FIGS. 6 and 7 illustrate example installations 72A, 72B of an integrated injection system 40. As discussed herein, the integrated injection system 40 may provide for increased efficiency in installation, maintenance, and retrieval operations as well as increased simplicity and reduced resource costs (e.g., piping, accessories, etc.). Furthermore, the integrated injection system 40 may provide for increased latitude in staging an installation and well planning. For example, in some embodiments, the common foundation 42 may be located at a future well site before the well 22 is drilled and/or before the wellhead 16 is installed, as in installation 72A. Furthermore, in some embodiments, one or more sub-components of the integrated injection system 40, such as the ILT module 46 and/or communication module 50 may be mounted on the common foundation 42 before the well 22 is drilled and/or the wellhead 16 is installed. Moreover, the common foundation 42 may be temporarily utilized during drilling or wellhead installation for support and/or guidance. After the wellhead 16 is installed, the master valve module 44 may be coupled to the wellhead 16, and the bridge module 48 may be coupled between the master valve module 44 and the ILT module 46. Alternatively, the common foundation 42 may be placed around an existing well 22 and/or wellhead 16 and the sub-components of the integrated injection system 40 may be installed thereafter, such as in installation 72B. The ordering of installation of the sub-components may generally follow that the master valve module 44 is installed after the wellhead 16 and common foundation 42 are in place, and the bridge module 48 is installed after the master valve module 44 and the ILT module 46 are in place. However, the communication module 50 and ILT module 46 may be installed freely, with respect to order, increasing operational simplicity. Moreover, in some embodiments, the common foundation 42 may be positioned at the well site, before or after wellhead installation, with one or more sub-components (e.g., the communication module 50 and/or ILT module 46) pre-mounted to the common foundation 42. As such, the integrated injection system 40 may provide for increased efficiencies (e.g., time savings, material savings, simplicity of implementation, etc.) increased latitude with regard to well planning, and increased scalability.
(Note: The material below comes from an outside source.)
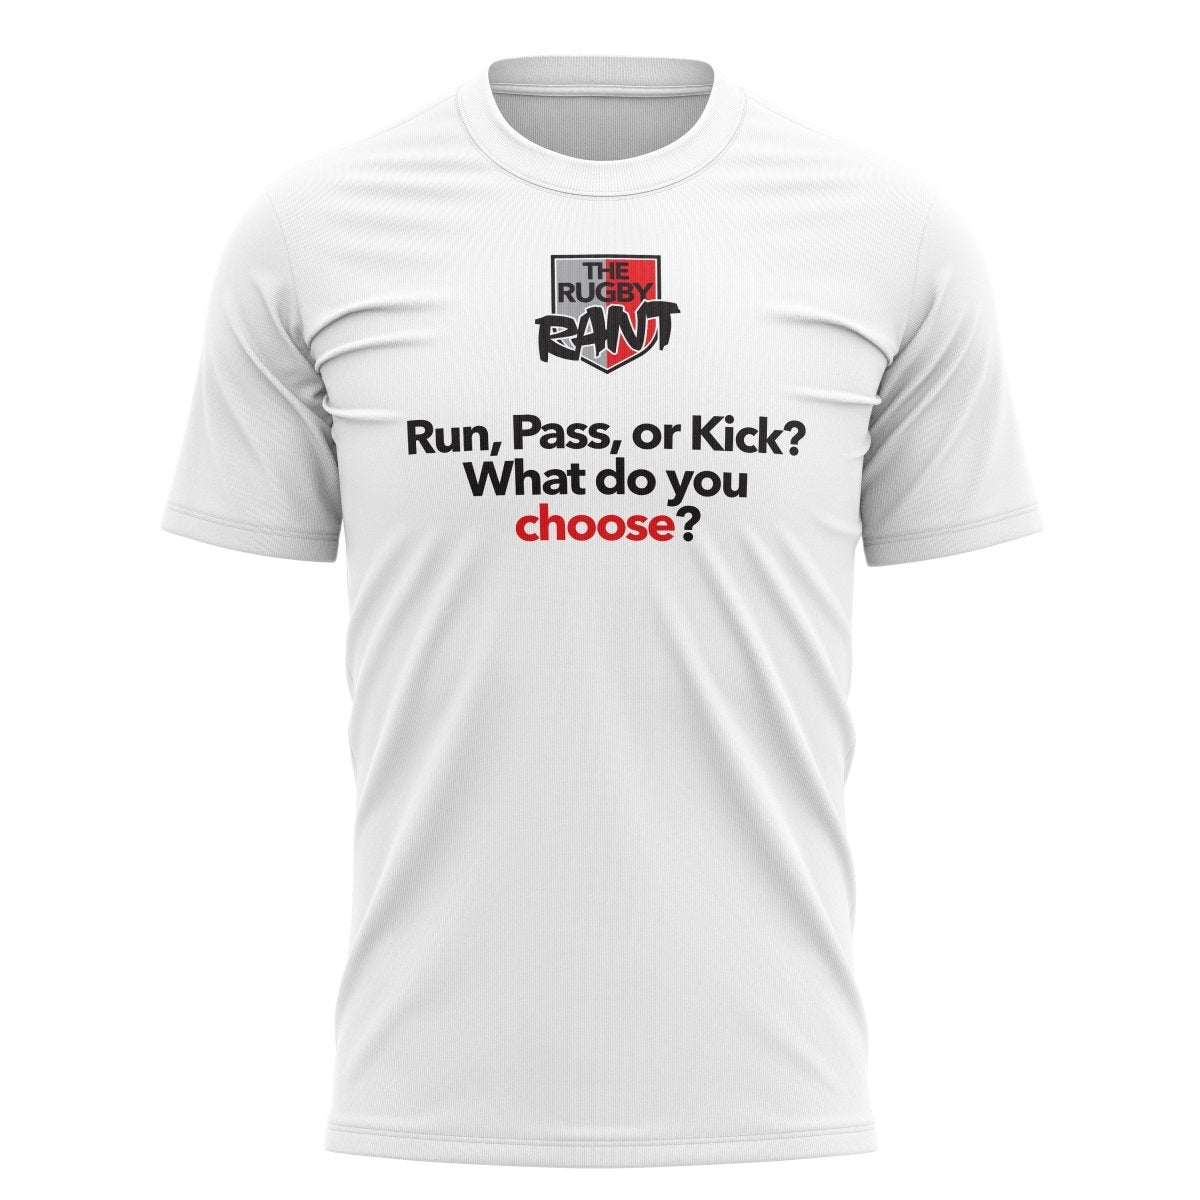 The Rugby Rant &quot;Run, Pass, or Kick?&quot; Tee - Unisex - www.therugbyshop.com www.therugbyshop.com ADULT UNISEX / BLACK / S SANMAR TEES The Rugby Rant &quot;Run, Pass, or Kick?&quot; Tee - Unisex

The technical effects of the systems and methods described herein include a subsea station 18 with a unified subsea tree 14 having an integrated injection system 40 with components disposed on a common foundation for increased installation, maintenance, and retrieval efficiencies. For example, the integrated injection system 40 may utilize a master valve module 44, an in-line-tee (ILT) module 46, a bridge module 48 coupled between the master valve module 44 and the ILT module 46, and a communication module 50 disposed. By integrating the components of the subsea tree 14 onto a common foundation 42, the use of distribution modules 34 and complex flowline arrangements, as well as parallel communications or other conduits, may be reduced, thus increasing simplicity and efficiency. Furthermore, although the above referenced flowchart is shown in a given order, in certain embodiments, process blocks may be reordered, altered, deleted, and/or occur simultaneously. Additionally, the referenced flowchart is given as an illustrative tool and further decision and process blocks may also be added depending on implementation.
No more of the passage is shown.